TOKYO (Reuters) - Japan is seeking an exemption from proposed new U.S. sanctions against Iran that could effectively freeze Tehran’s use of payments for oil, the Nikkei business daily reported on Tuesday, citing sources.
Japanese Finance Minister Koriki Jojima asked U.S. Treasury Secretary Timothy Geithner at an October 11 meeting in Tokyo for the United States to exempt Japanese banks, the daily said, citing unidentified sources familiar with the matter.
Geithner said the matter was being considered, the Nikkei said.
Japan, the world’s third-largest importer of crude oil, has already secured waivers from U.S. financial sanctions imposed last year because it has significantly cut purchases from Iran.
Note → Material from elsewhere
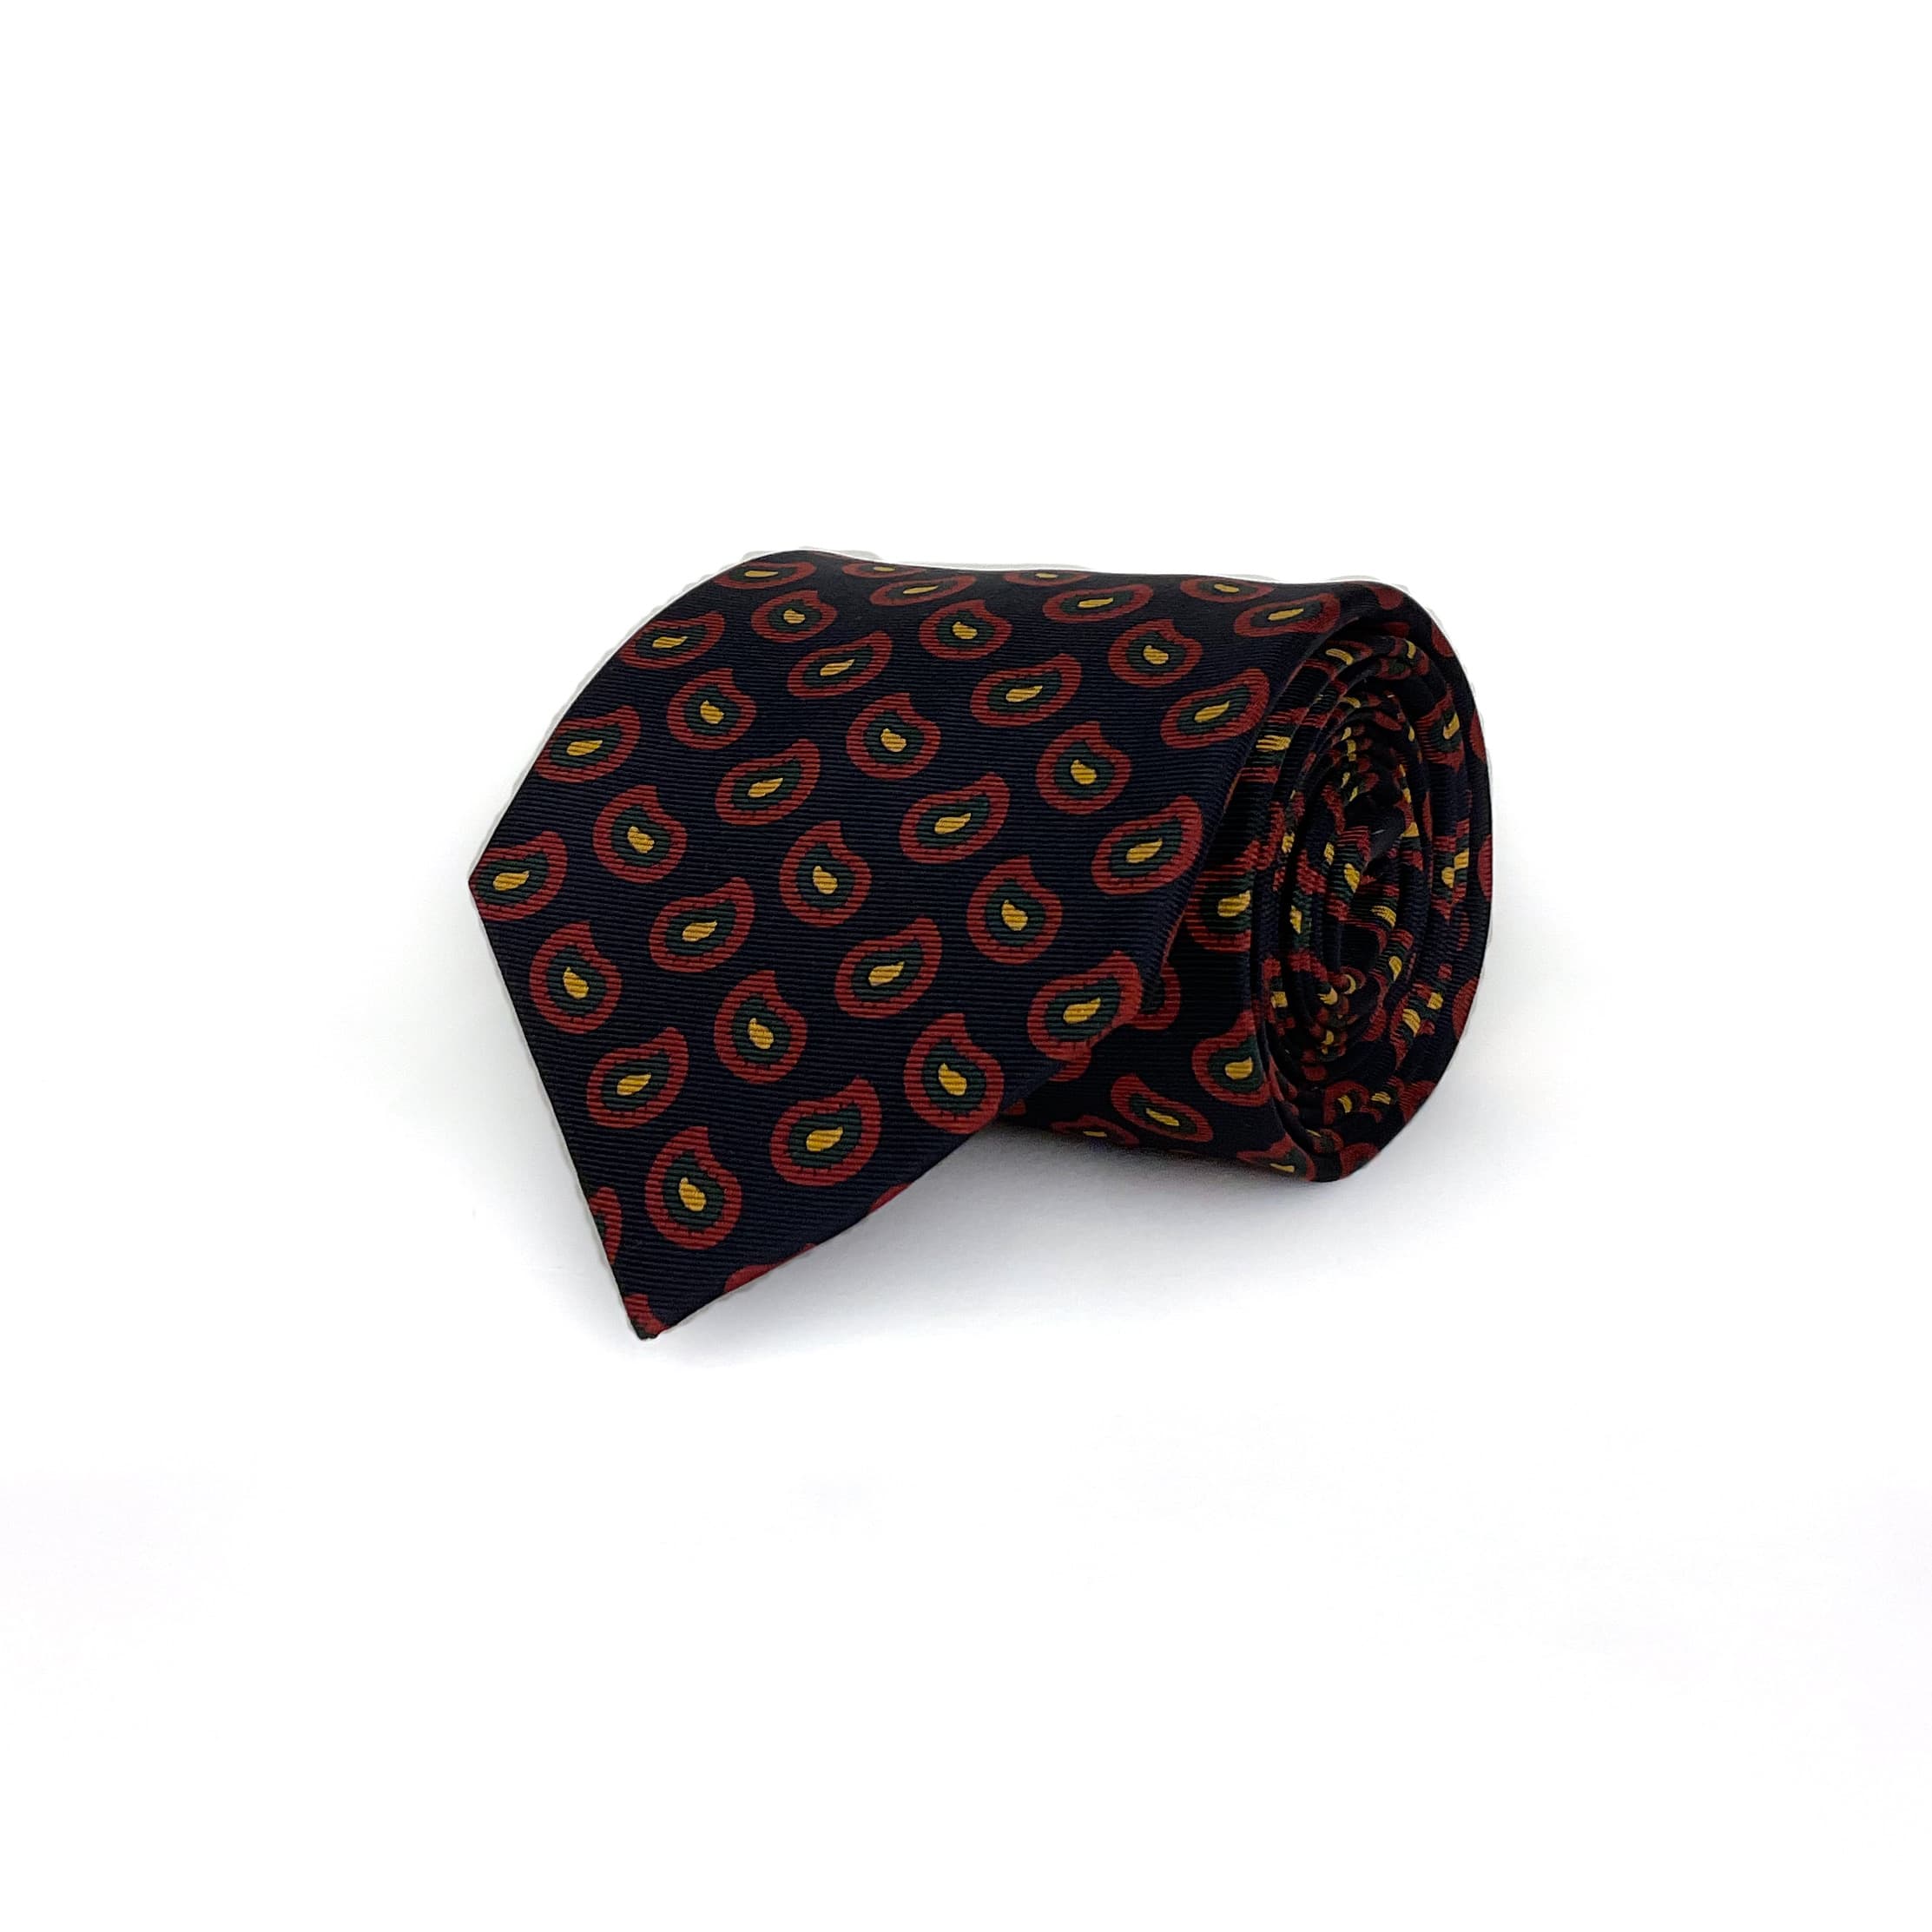 A paisley silk tie with a black base and red and yellow motifs  that is rolled and placed on a white background.

A Japanese government official who declined to be identified played down the Nikkei report.
“It is not my understanding that America is currently working on new sanctions or that (Japan) is seeking an exemption from its application,” the official said.
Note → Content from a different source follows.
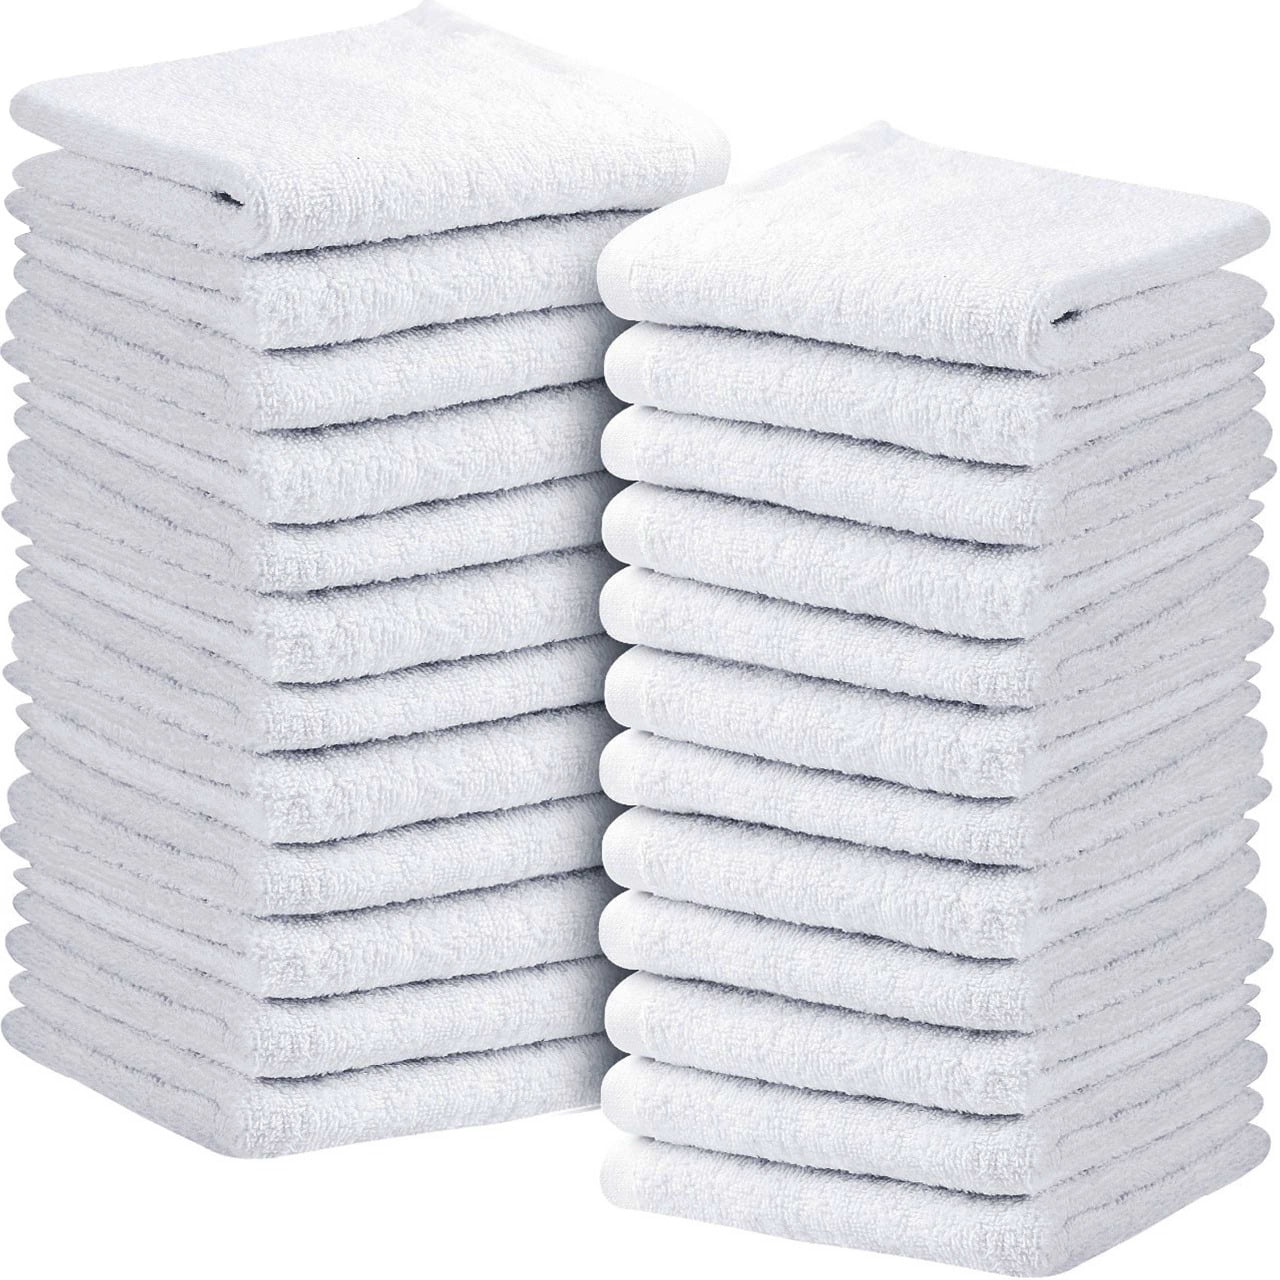 60 Pieces New Wash Cloth Face Towel Gym Cleaning Towels 12x12 100% Cotton

The U.S. Congress overwhelmingly passed a new package of sanctions against Iran in August that aim to punish banks, insurance companies and shippers that help Iran sell its oil.
The bill builds on oil trade sanctions signed into law by President Barack Obama in December that, along with EU prohibitions, prompted Japan, South Korea, India and others to slash their purchases of Iranian oil allowing them to get waivers from Washington.
The West has imposed sanctions on Iran because it suspects it wants to develop nuclear weapons. Iran says its nuclear programme is for civilian purposes.
Other importers of Iranian oil besides Japan are also likely to voice their opposition to the proposed new sanctions, the Nikkei said.
U.S. lawmakers are considering expanding economic sanctions on Iran - measures that already have helped push that country’s currency into free fall but have not yet convinced it to abandon its nuclear programme.
Democratic Senator Robert Menendez, a member of the Senate Banking and Foreign Relations Committees, has said he is looking at ways to freeze an estimated 30 percent of Iran’s foreign currency reserves held in banks outside the country.
Currently, Japanese buyers of Iranian oil pay Iran for crude imports in yen via accounts set up at Japanese banks by Iran’s central bank, and the funds later get transferred to Iran’s private banks.
But the proposed new U.S. sanctions would effectively freeze those assets, and if the measures are implemented, Iran would no longer be able to use Japan’s oil payments freely, which could further curb Japan’s oil purchases from Iran, the Nikkei report said.
The United States is set to implement the new sanctions from February, the report added.
In the first eight months of 2012, Japan imported 191,731 barrels per day of Iranian crude, down more than 40 percent from the same period a year ago, according to Reuters calculations based on data from the Ministry of Economy, Trade and Industry (METI).
The ministry is due to release import figures for September on Wednesday.